We have emphasized the coupling between high-latitude cloud and surface albedo feedbacks. Resulting differences in atmospheric heat transport are felt globally, including by the tropical circulation, which must in turn mediate tropical clouds (Seo et al. 2014; Voigt and Shaw 2015). At the edge of the tropics, the anomalous poleward heat flux implied by the extratropical cloud feedback is 0.1 and 0.04 PW K−1 in the low- and high-albedo experiments, respectively (Fig. 3). The edge of the tropics (i.e., 30° latitude) also exhibits differences in low-latitude cloud feedbacks. Since the Hadley cell widens by the same amount in all four albedo experiments, these differences are not due to a differential expansion of the subtropics. Rather, decreases in subsidence are consistent with decreases in tropospheric cloud fraction, and both changes are greatest in the high-albedo experiments.
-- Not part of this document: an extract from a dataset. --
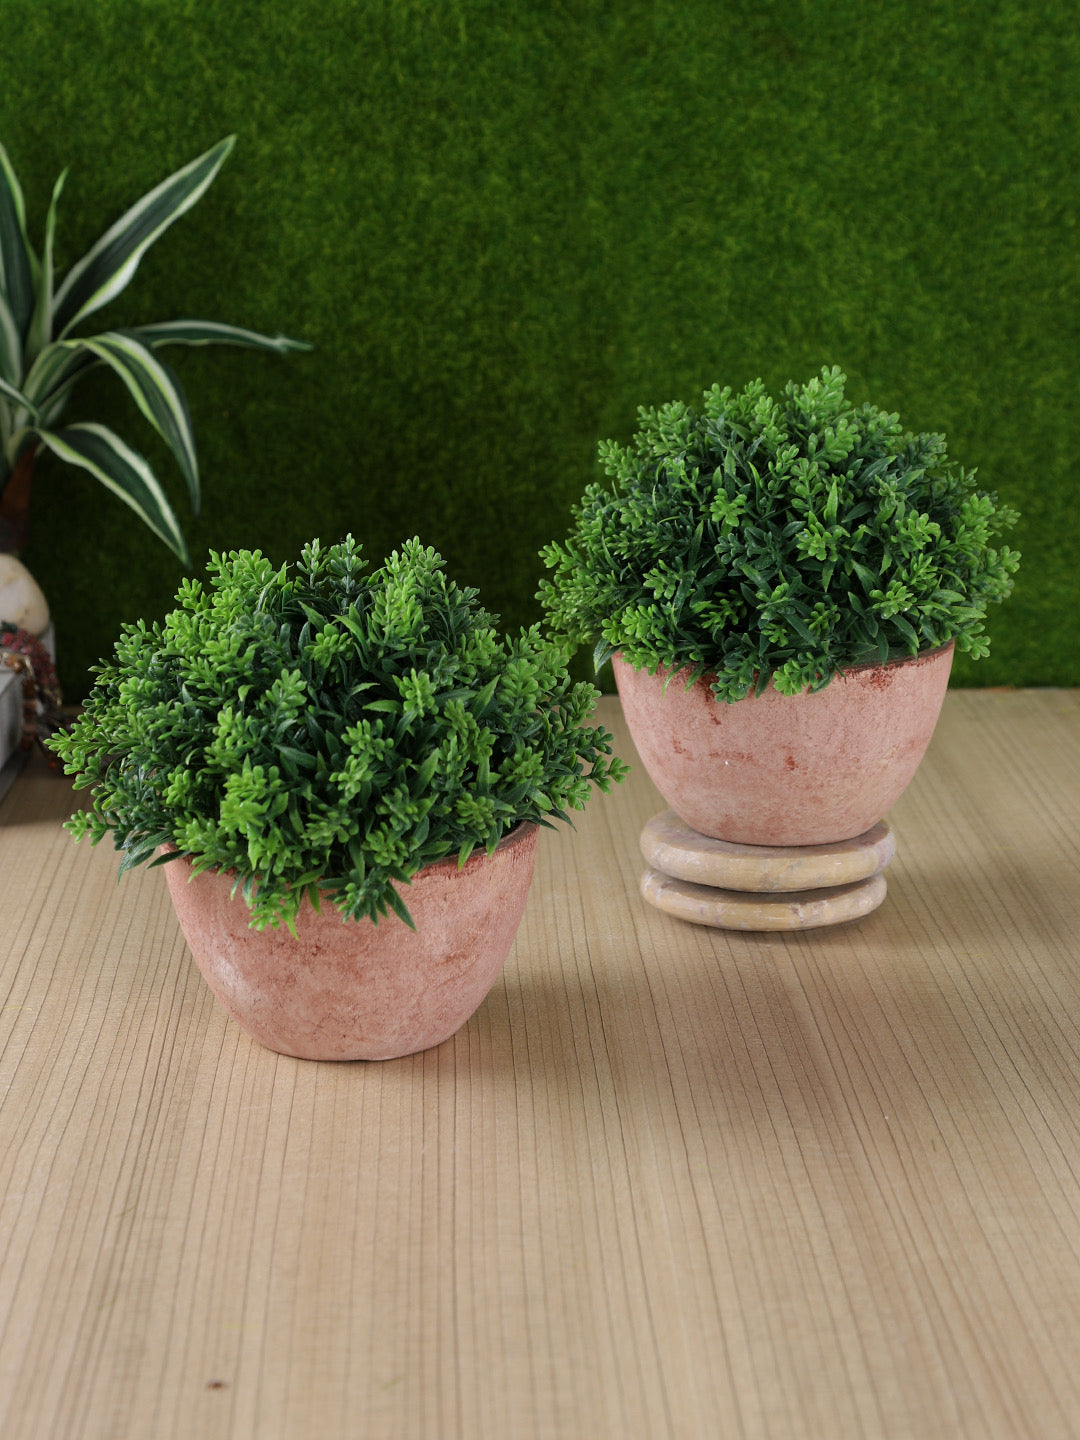 Natural touch Green Indore Artificial Plant with Pot Set of 2 - Default Title (APL2073A_2)

Interactions among climate feedbacks have been implied based on documented nonlinearities. Here, we demonstrate in a controlled modeling environment how perturbing one feedback, surface albedo, affects the other feedbacks and atmospheric heat transport. Although nonlinear feedback interactions and feedbacks that are nonlinear functions of temperature enter the energy balance at the same order, we may be confident that the former dominates here: 1) The increase in longwave radiative emission with temperature, following the Stefan–Boltzmann law, is a negative nonlinear feedback, and our nonlinearity is positive. 2) The structure of the nonlinearity reveals a peak at approximately 60° latitude in a region of active sea ice and atmospheric processes. We express the degree of coupling between feedbacks in terms of uncertainty in circulation response. For instance, variability in the surface albedo feedback does indeed contribute to the weakening of the Hadley cell; however, the impact is larger than would be expected based on the magnitude of the albedo feedback alone. The implication is that the strength of a feedback cannot be accurately quantified in isolation. Hence, decompositions that emphasize the climate response to individual feedbacks must account for the energy balance residual, which captures the effect of the nonlinear interactions among feedbacks.

Acknowledgments

We thank Dorian Abbot, Tim Cronin, and an anonymous reviewer for their helpful comments on the manuscript. We also thank the editor, Karen Shell. NF was supported by the National Science Foundation (AGS-1524569), and SB was partially supported by the National Science Foundation (AGS-1462544).

APPENDIX

Aquaplanet Radiative Kernels

To compute the aquaplanet radiative kernels, we use a 4 × CO2 integration of GFDL AM2.1 in the aquaplanet configuration described in section 2. Orbital eccentricity is set to 0, obliquity to 23.439°, and the solar zenith angle to its daily mean value. While sea ice is permitted via the ocean albedo dependence on surface temperature (αi = 0.5 for SST < 270 K), the mean climate is too warm to form ice, and hence the kernel is effectively ice free. The 4 × CO2 climate is selected over the 1 × CO2 climate because it is identical among our four experiments. This choice of kernel ensures that the feedback estimates are centered on the same reference state for each experiment and that the analysis is unbiased by kernel–simulation mismatch.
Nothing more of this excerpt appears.